In Slovenia, where the development of democracy and free society based on respect for human dignity, broke ties with the previous regime, the glorification of the authoritarian Communist regime with naming a street after the leader of this regime is unconstitutional. Naming a street after Josip Broz Tito in Ljubljana was not maintained over from the previous regime, in which case it would be only a part of history today. The challenged local ordinance was adopted in 2009, eighteen years after Slovenia's independence and the establishment of constitutional order based on constitutional values, which are contrary to the values of the regime before independence. Such new namings have no place in current time, because they are contrary to the principle of respect for human dignity which has its basis in the Article One of the Constitution and falls into the very core of the constitutional system of the Republic of Slovenia.

==Concurring opinions==
The decision was unanimous with several concurring opinions. Judges Korpic-Horvat and Klampfer wrote in their concurring opinion that the reasoning of the majority decision was unbalanced in excessively criticizing Tito and the Communism. Judge Sovdat stressed that under the decision only new namings of streets after Communist symbols were unconstitutional. Names of those streets that had existed since before the independence were constitutional, just like Napoleon statue in Ljubljana was constitutional. Judge Jadek-Pensa in its concurring opinion stressed that naming a street did not have only informative meaning. Naming a street after someone shows that the government honors this person.
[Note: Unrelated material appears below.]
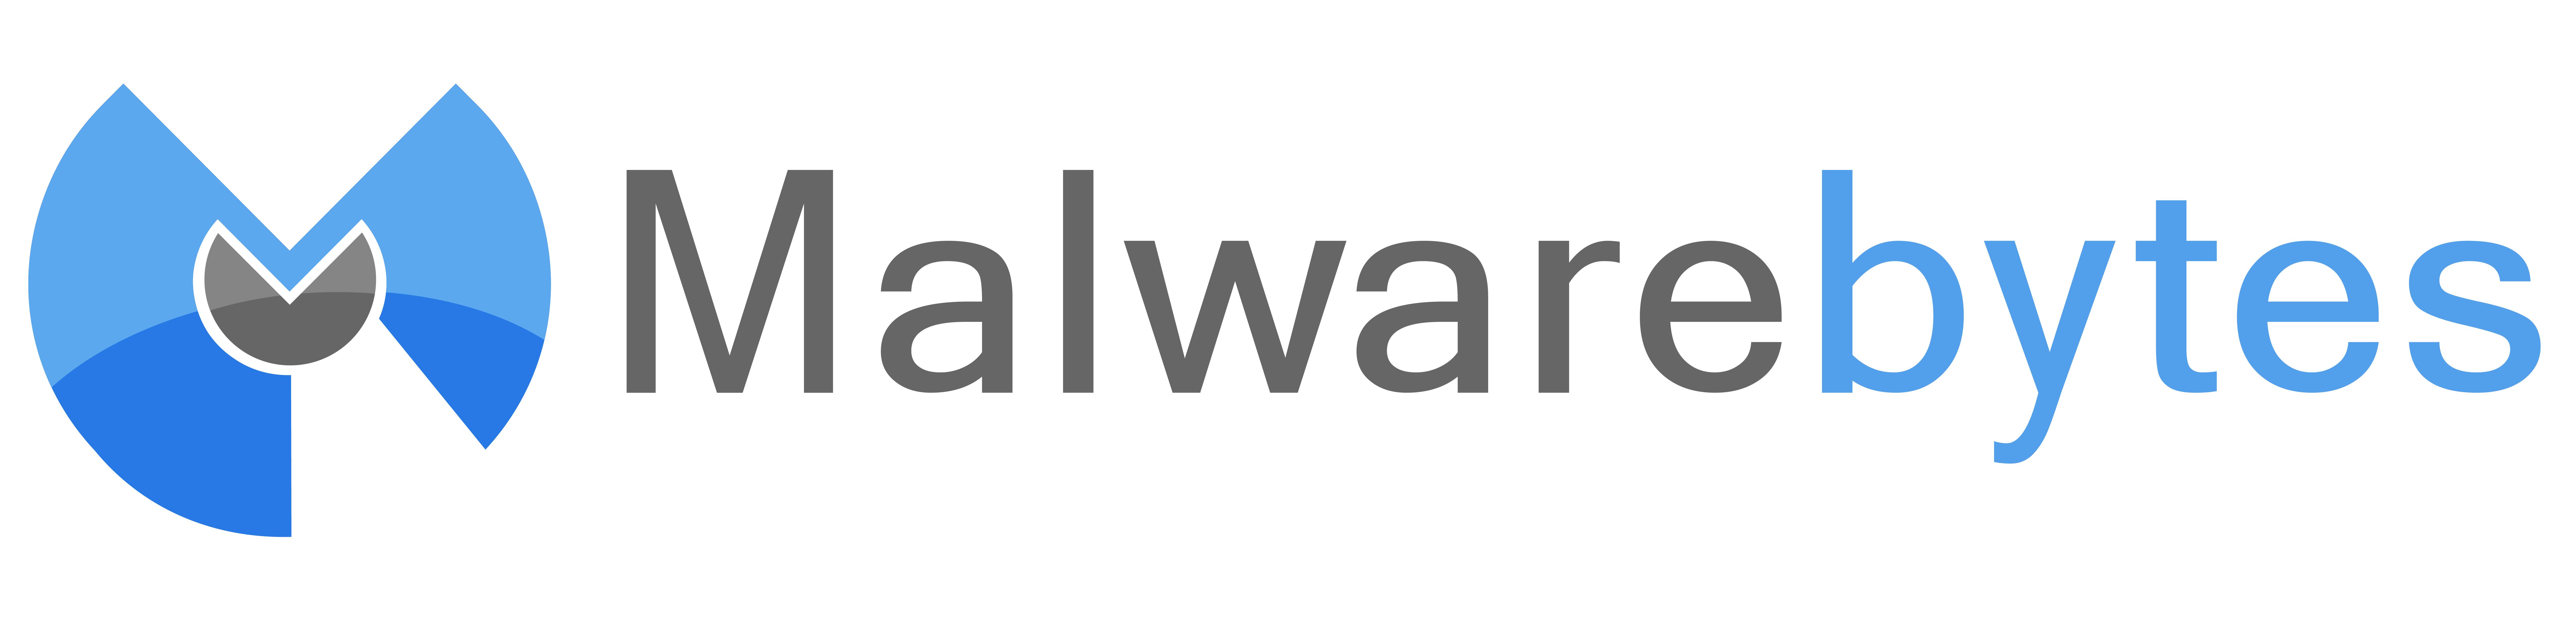 Maleware Byte
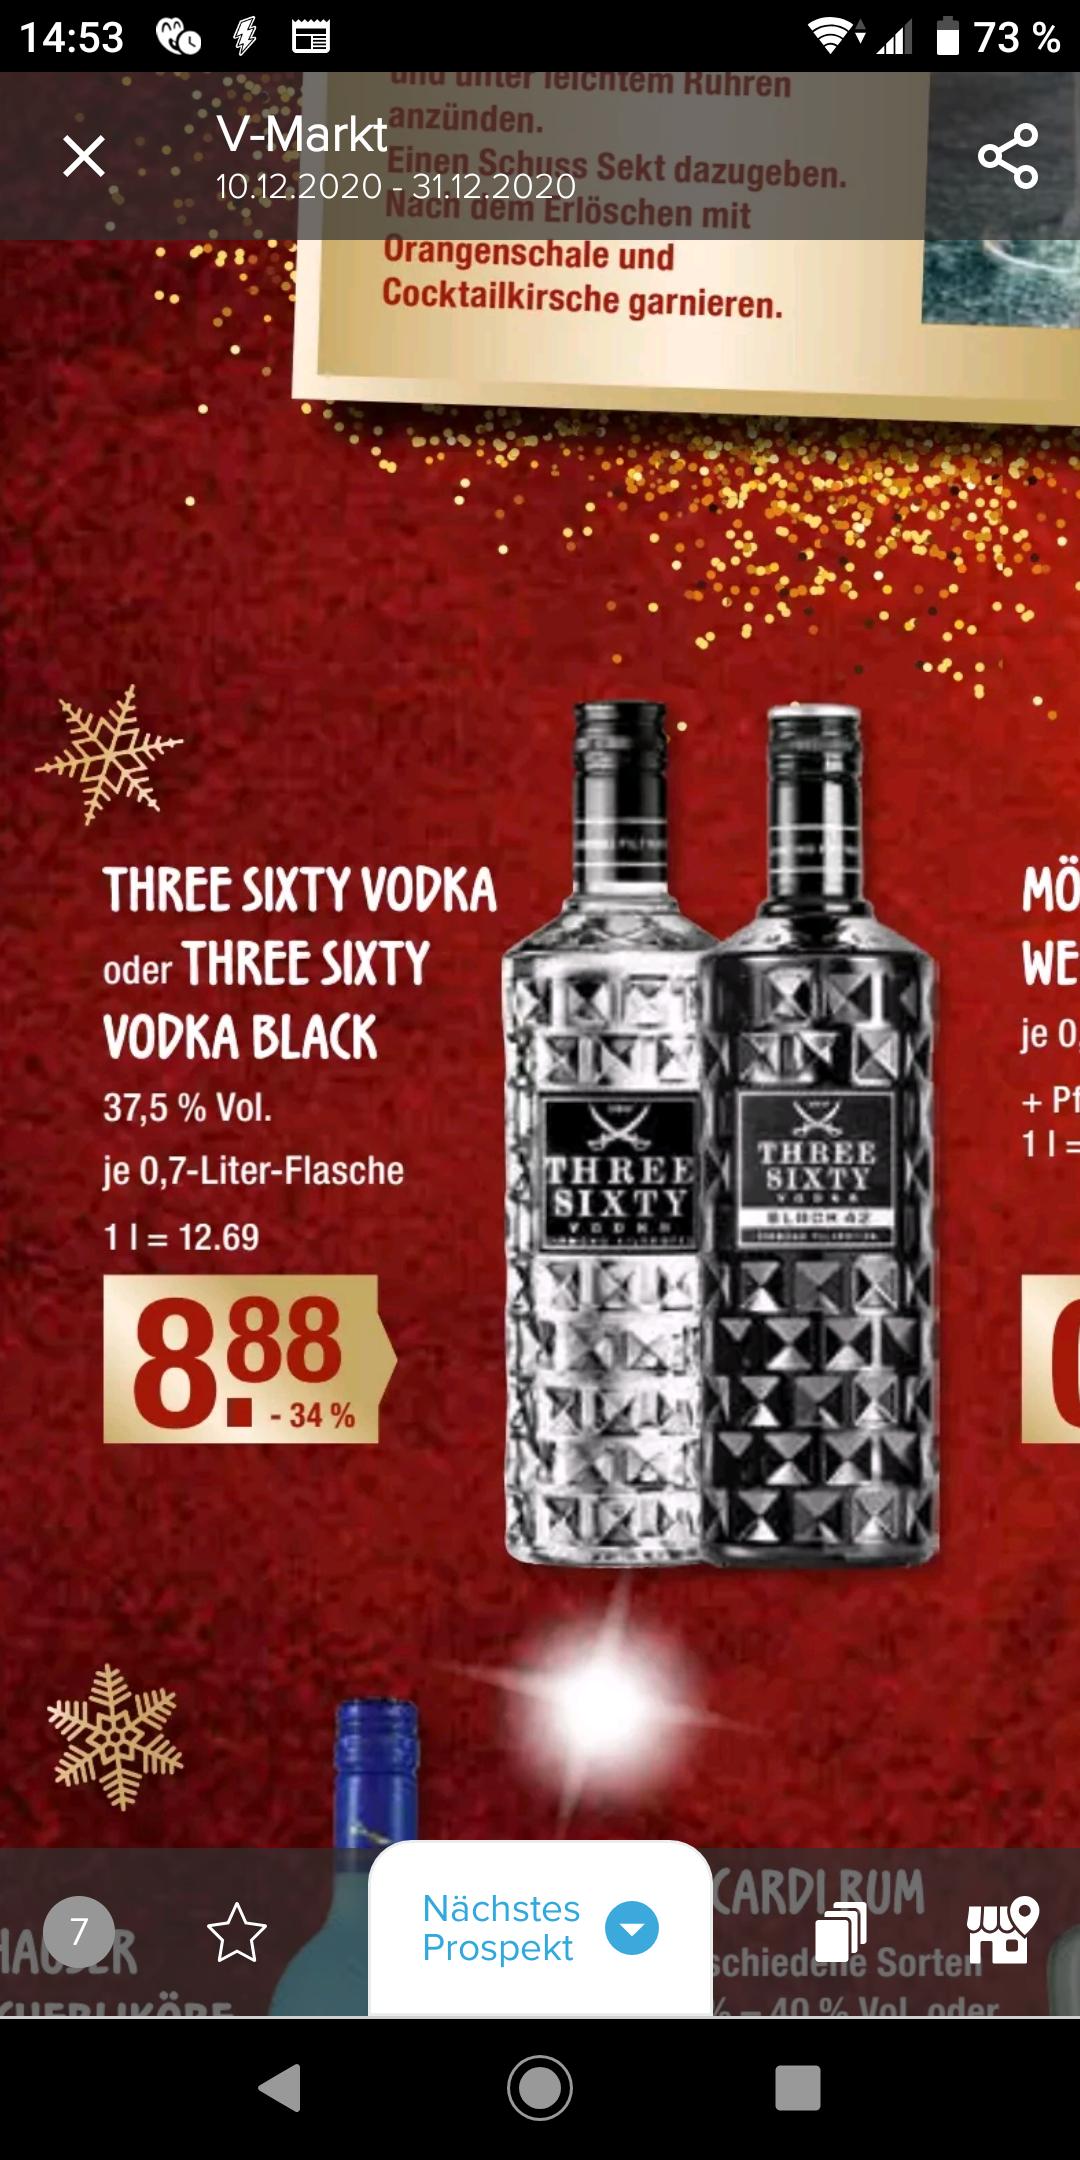 (lokal) Vmarkt - Three Sixty Vodka 0,7l Normal und Black 8,88€

Judges Zobec and Mozetic in their concurring opinion argued that every person should have standing before the court in cases like this one. Concurring opinions of Judges Petrič and Sovdat, on the contrary, argued that not all of the applicants in this case had standing.

==Case citation==
Decision U-I-109/10 (Tito Street decision) of the Constitutional Court of Slovenia, issued on 3 October 2011

== Aftermath ==
In a separate case, in May 2021 the Constitutional Court of Slovenia annulled the renaming of Tito's street to the Slovenian Independence Street in the municipality Radenci for procedural reasons. The municipality renamed the street without enabling residents to initiate a local referendum about the street's name. The municipality renamed the street once again, and it did so again without allowing a referendum. In September 2021, the Constitutional Court temporarily halted the renaming until it would finally rule whether procedural rules had been followed. Judge Jaklič wrote a critical dissenting opinion.